Prioritizing the Moon is not a rejection of further human exploration — it is securing the gains won in the last century to maintain space dominance in this one. Ceding it to China will endanger national security in the near term and restrict access to vital resources for generations to come. The Moon is rich in helium-3, a critical isotope for quantum computing and clean nuclear fusion. Unlocking this lunar resource has the potential to help solve Earth’s energy and environmental challenges while enabling advanced propulsion for deep-space exploration. Water ice at the lunar poles can support both life and fuel production, making a sustained presence and further exploration possible. Mars must remain on our long-term horizon, but the Moon is the foundation upon which that future must be built.

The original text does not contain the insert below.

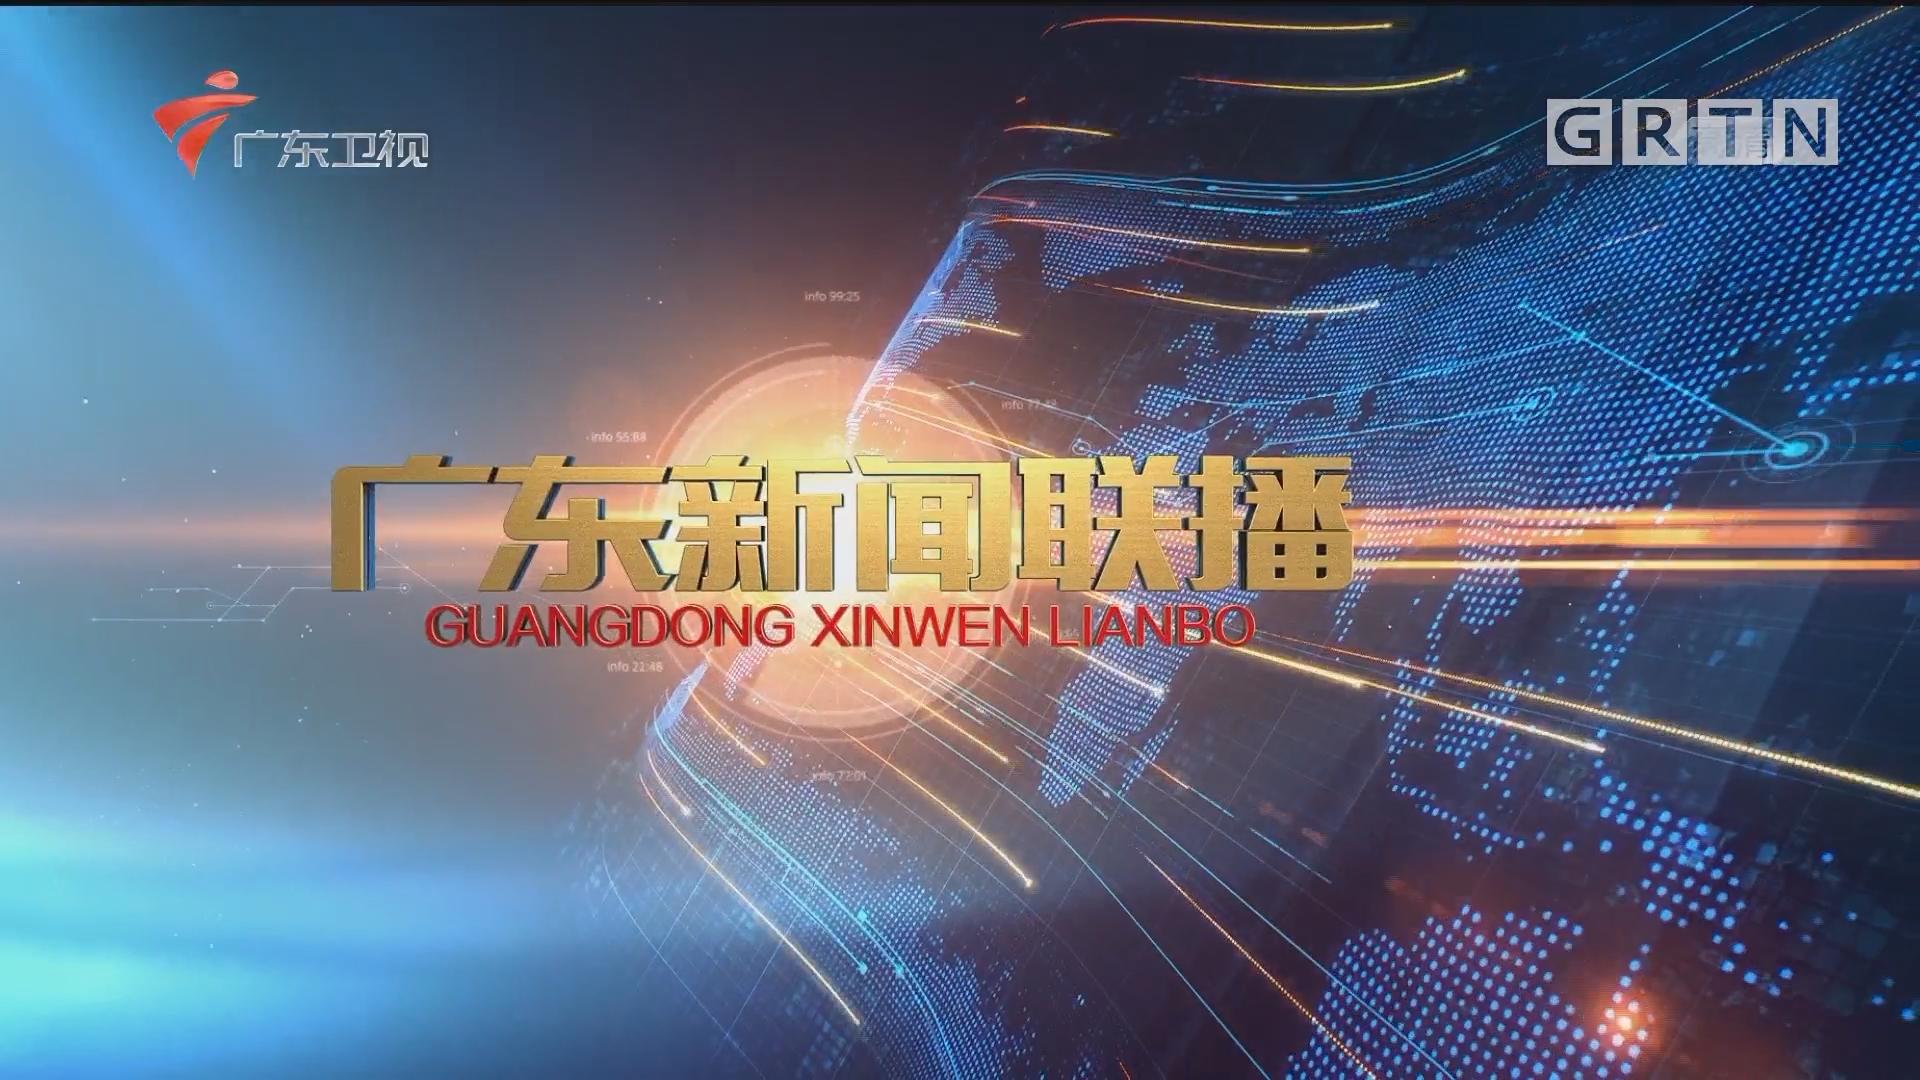 [HD][2017-11-08]广东新闻联播:推进绿色发展 建设美丽广东

Fortunately, we already have most of the tools. Acting NASA Administrator Sean Duffy has just taken bold action to reverse an earlier decision to downsize the agency’s lunar lander program. Competition has always been the cornerstone of NASA’s public-private partnerships — and it must remain so. Through the Artemis program and Commercial Lunar Payload Services initiative, NASA has created a model where government purpose aligns with private innovation and capital. Their first missions to the Moon’s mineral- and water-rich South Pole will reestablish an American presence and lay the groundwork for a sustainable lunar economy. Private investment is already flowing into ventures betting that lunar resources will one day fuel near-limitless clean energy through fusion.
The Second Space Race will not be won with just flags and footprints, but with factories, networks, and markets that sustain life and commerce on Earth and beyond. It begins on the Moon, where control of resources, access, and data will determine who leads. The next frontier is no longer on the horizon — it’s in our orbit.